The purpose of this study was to develop a model of
bacterial meningitis in young adult rats for assessing the efficacy of
antimicrobial agents. Sixty 200- to 300-g male Sprague Dawley CD rats were inoculated intracisternally with 5.78 log10 CFU of a clinical isolate of Streptococcus pneumoniae in 5% hog
gastric mucin. Inoculated rats were assigned to six groups containing 10 animals each. Group-1 rats served as controls and did not receive
antibiotics. Rats of groups 2 to 4 received (subcutaneously every 12 h)
cefotaxime (25, 6.25, and 1.56 mg/kg of
body weight respectively). Rats of groups 5 and 6 received
ampicillin (50 and 12.5 mg/kg respectively) and
gentamicin (2.0 and 0.5 mg/kg respectively). Five additional Sprague Dawley CD rats were inoculated with only gastric hog
mucin and were assigned to group 7. At postinoculation day 4 all animals were euthanized. Cerebral spinal fluid was collected for culturing. Brains were harvested for histologic examination and culturing. Untreated, infected control (group-1) animals were culture-positive for S. pneumoniae in the brain and cerebral spinal fluid. Of the
antibiotic regimens evaluated, only
cefotaxime (25 mg/kg) eradicated bacteria from the cerebral spinal fluid and brain.

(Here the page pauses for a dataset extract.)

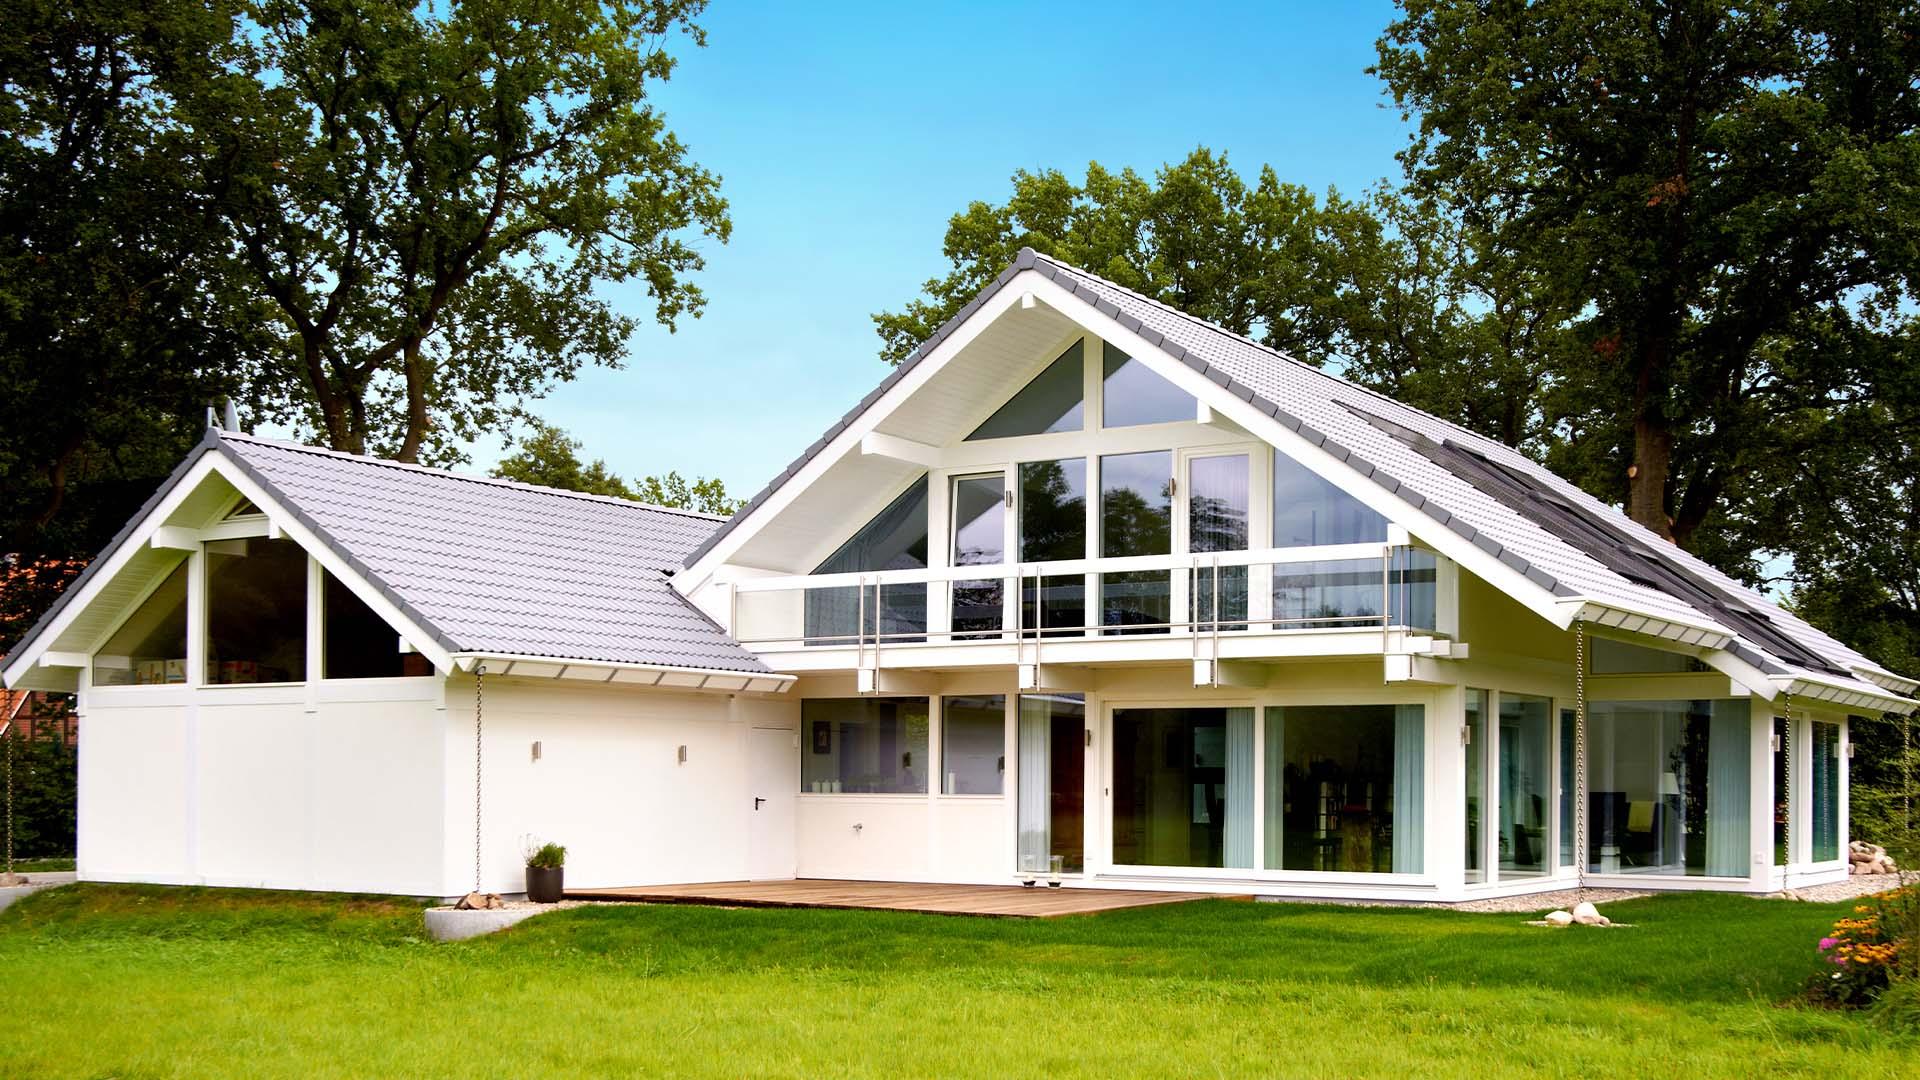 Detmolder Fachwerkhaus – Anbauten und Umbauten 02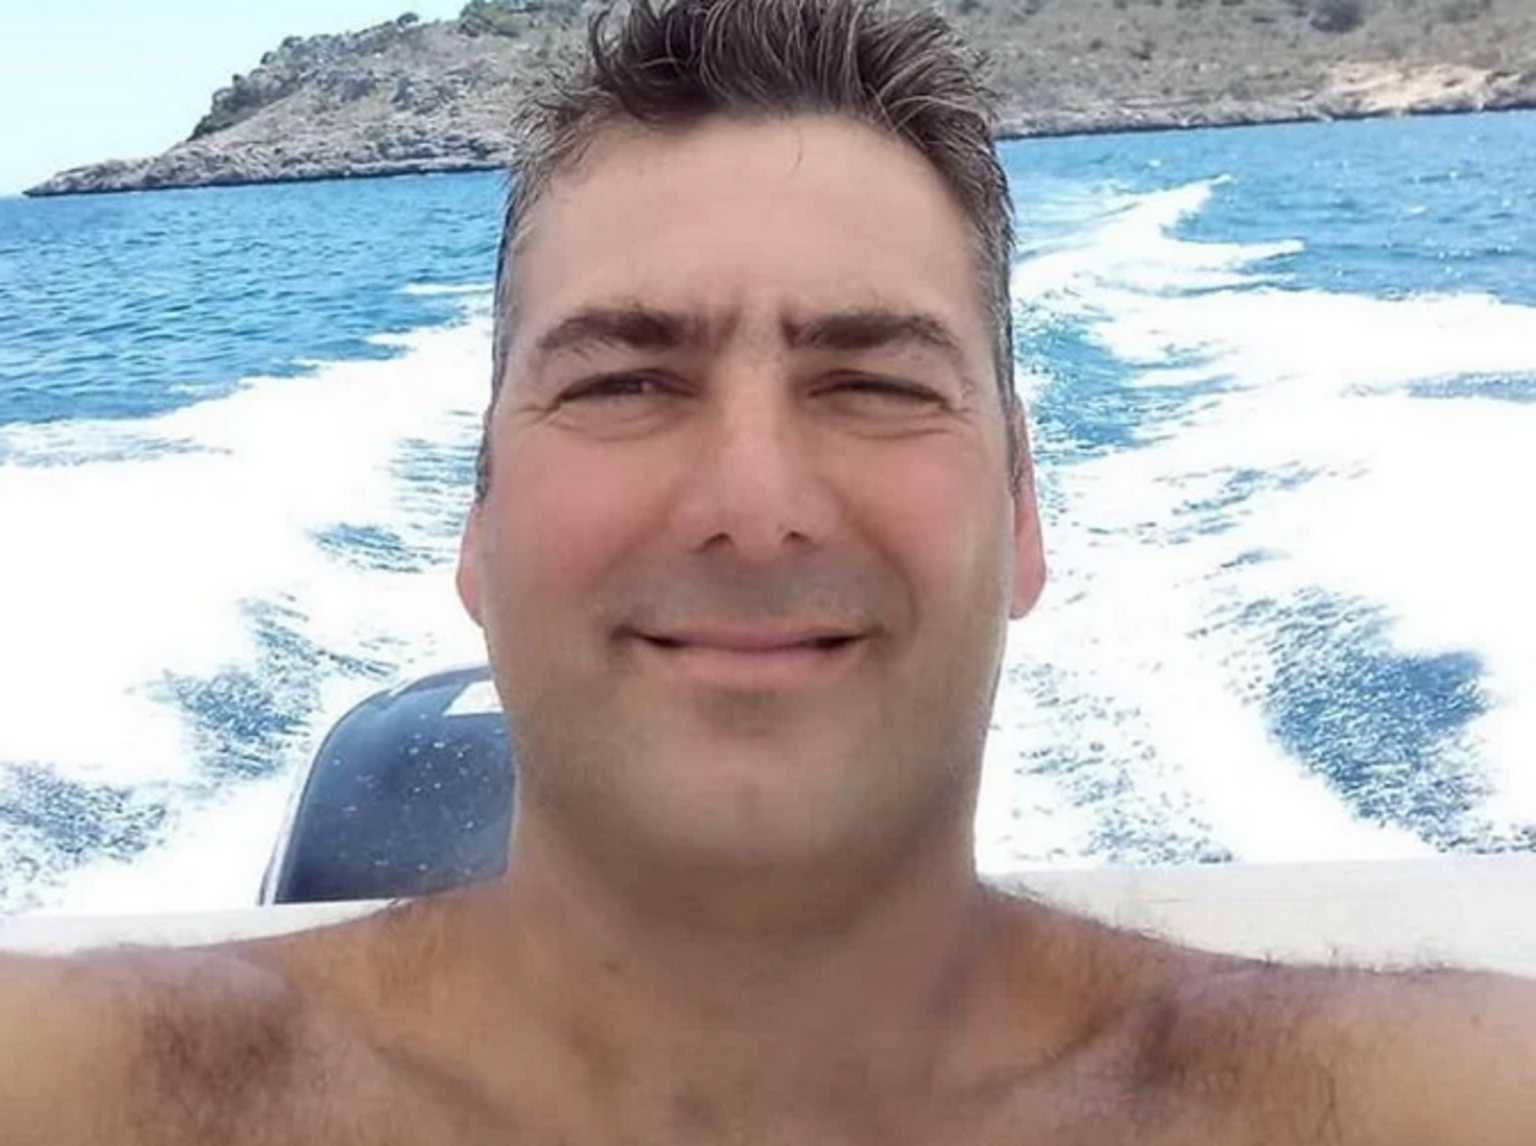 Πάτρα: Νεκρός στην πισίνα ο Κωνσταντίνος Αντίοχος! Ασύλληπτη τραγωδία την ώρα του αγώνα (Φωτό)

Cefotaxime at 25 or 6.25 mg/kg significantly (P < or = 0.05) decreased the bacterial burden of S. pneumoniae, whereas
cefotaxime at 1.56 mg/kg and
ampicillin/
gentamicin combinations did not. There was histopathological evidence of subacute
meningitis in infected rats. No
meningitis was observed in rats receiving 25 mg of
cefotaxime/kg. This model demonstrates the ability to induce
bacterial meningitis with S. pneumoniae in adult rats and the ability to clear
infection in 90 to 100% of the animals by administration of
cefotaxime at dosages of 6.25 and 25 mg/kg given subcutaneously every 12 h.